Já em 1923, no mesmo ano quando conheceu Hoffmann, Hitler ensaiou o seu primeiro putsch (golpe), em Munique. Acabou preso até dezembro de 1924. A estadia na prisão apenas ajudou a impulsionar seus planos. Quando foi libertado, tinha um manuscrito pronto, o livro “Minha luta”, que foi publicado em julho de 1925.

– O livro era o seu programa, mas o culto à personalidade de Hitler era ainda mais importante para os seus adeptos – lembra o historiador Hajo Funke, da Universidade Livre de Berlim, autor de “Paranoia e política”.

Hoffmann teve, como alguns outros, um papel importante na formação da imagem carismática de Hitler, que nessa época não tinha nem passaporte alemão e ainda falava com sotaque austríaco. Depois de ter vivido como artista desempregado, vagabundo e ter até pedido esmola para sobreviver, o futuro ditador participou como voluntário do exército da Baviera na Primeira Guerra Mundial, criou em pouco tempo, do nada, o movimento nazista e menos de 20 anos depois conseguiu chegar ao poder, dando início à maior tragédia da Europa no século XX.

Na Alemanha caótica da “República de Weimar” (a república foi fundada em Weimar, estado da Turíngia, porque Berlim estava dominada pelo caos causado pelos confrontos de rua entre extrema direita e extrema esquerda), sem ordem política e com seis milhões de desempregados, Hitler era visto como uma espécie de “messias” que prometia restabelecimento da ordem e prosperidade econômica.

– As encenações da sua imagem feitas pelo fotógrafo Heinrich Hoffmann e, depois, pela cineasta Leni Riefenstahl, ajudaram no fortalecimento do entusiasmo dos alemães pelo falso messias – afirma Funke.

Muitos ajudaram na construção da sua imagem, na radicalização ideológica e também no financiamento do Partido Nacional Socialista dos Trabalhadores Alemães. Entre os financiadores, havia nomes famosos, como Fritz Thyssen (da firma Thyssen), Edwin Bechstein, proprietário da fábrica de pianos Bechstein, bem como Siegfried e Winifred Wagner, o filho do compositor Richard Wagner e sua esposa.

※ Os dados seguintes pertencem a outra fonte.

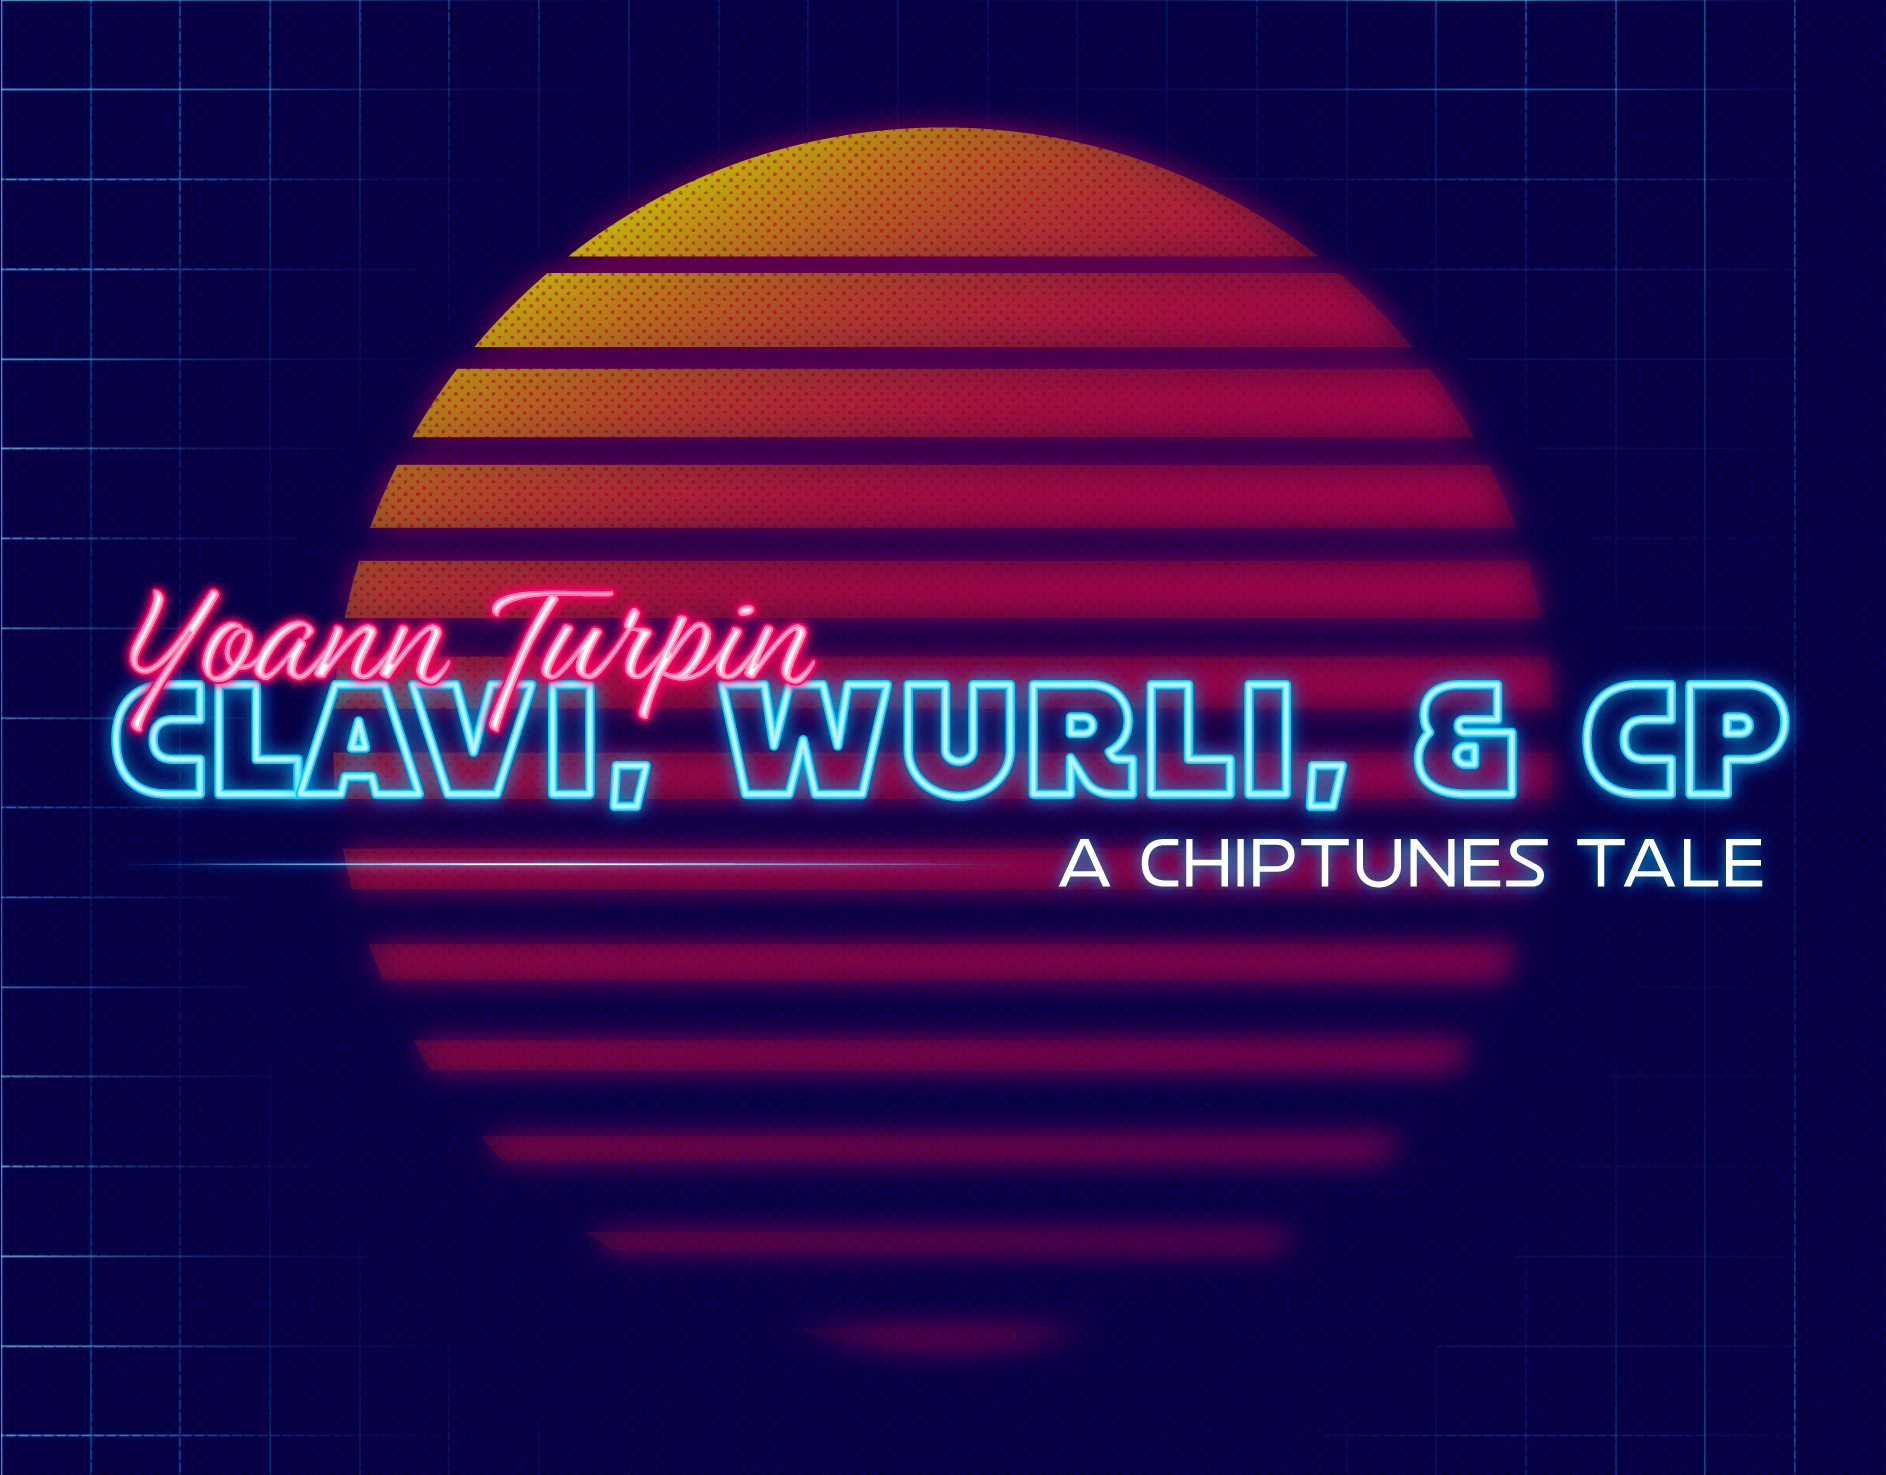 Clavi, Wurly & CP: A Chiptunes Tale | Yoann Turpin. May 2020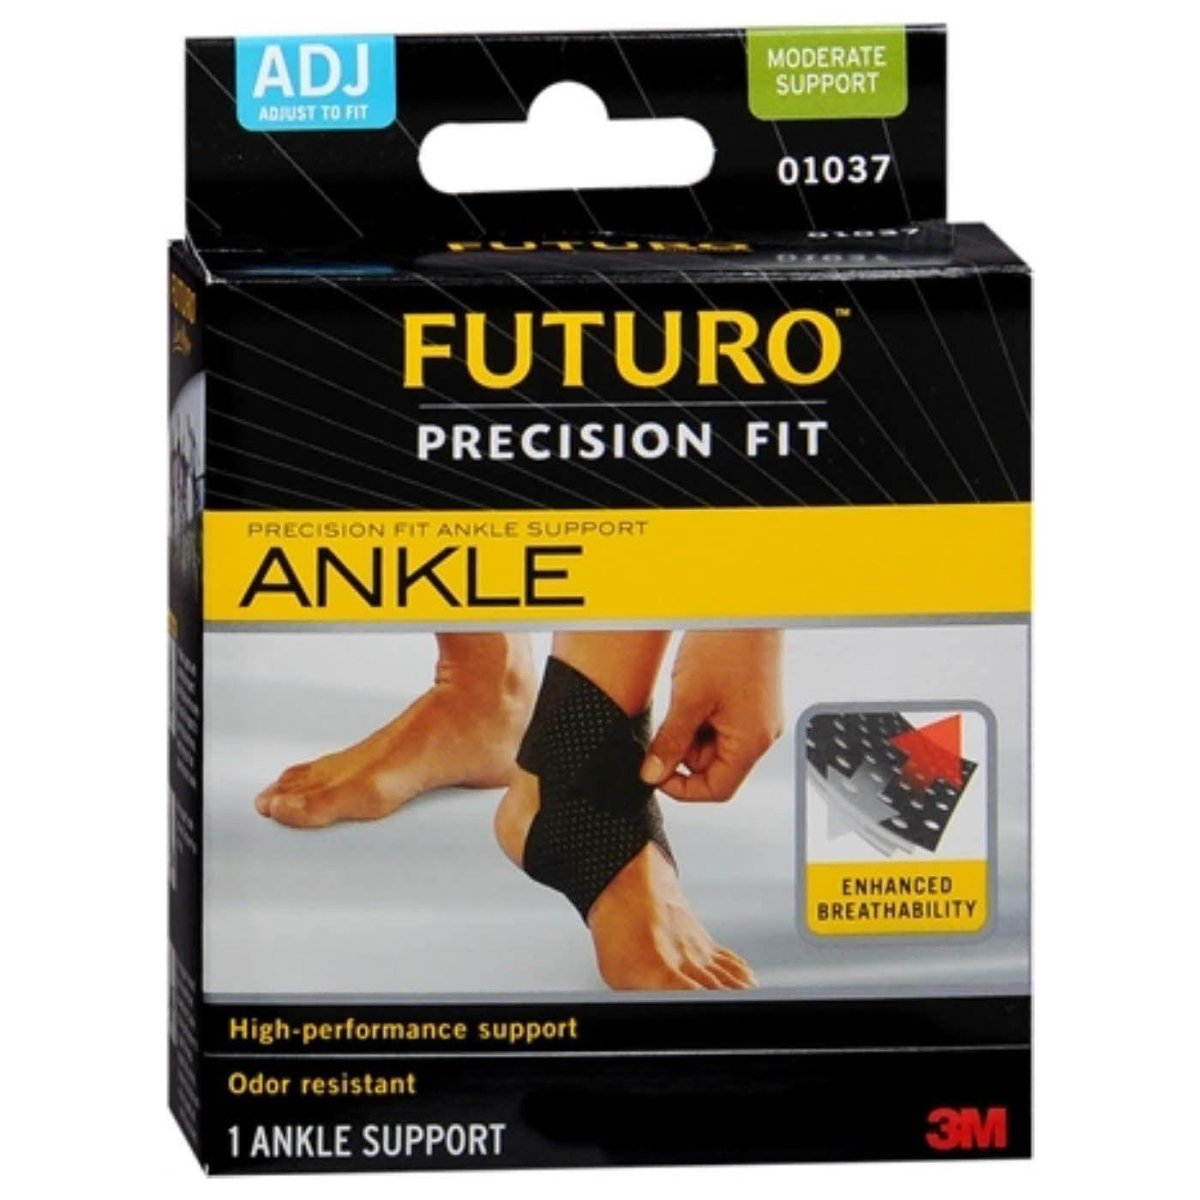 Futuro Precision Fit Ankle Support - Adjustable-Supports-Pro Sports

O futuro Führer recebia ajuda também do exterior. Depois da interferência do casal Wagner, o americano Henry Ford doou grande quantia ao movimento, como era chamado o nazismo, por concordar com algumas ideias antissemitas.

Da mesma forma que Hoffmann foi decisivo para o surgimento da imagem do político que encenava os seus discursos para as massas, o escritor Dietrich Eckart, que alimentava o austríaco com ideias e dinheiro, foi um dos que mais influenciaram na radicalização do ódio racial contra os judeus.

“Obras brilhantes”

Poucas eram as pessoas que tinham uma relação também de amizade com Hitler e entre elas estavam Hoffmann e Eckart, os únicos em que ele confiava cegamente.

Segundo Funke, Eckart foi o “descobridor” de Hitler por ter detectado seu “talento de agitador”. A partir desse momento, aos inimigos já existentes, juntou-se o bolchevismo.

“A nossa luta precisa e vai terminar na vitória”, escreveu Hitler no dia 10 de abril de 1924. Menos de nove anos depois, ele chegou ao poder, no dia 30 de janeiro de 1933.

Heinrich Hoffmann ficou rico depois de 1933, como responsável pela comissão de “reuso” das obras de arte confiscadas dos judeus. Hitler era muito grato ao amigo, também por ter sido por seu intermédio que conheceu Eva Braun, em 1929 – ela era aprendiz na oficina de fotografia de Hoffmann, em Munique.

Depois da guerra, Heinrich Hoffmann (assim como Leni Riefenstahl) teve sucesso em “vender” a tese de que “não sabia de nada” sobre os crimes cometidos pelo regime. Ele foi condenado a menos de cinco anos de prisão e já em 1950 voltou a trabalhar como fotógrafo, apesar da conclusão do juiz Josef Purzer, em janeiro de 1947:

“As suas obras são brilhantes, e ajudaram na psicose que surgiu no povo alemão através da glorificação de Hitler por meio das fotos, que apresentavam tudo o que era grande e bonito. A realidade era inteiramente diferente. E o seu trabalho teve um papel essencial na ação de enganar o povo.”

Ele morreu uma década depois, aos 72 anos de idade.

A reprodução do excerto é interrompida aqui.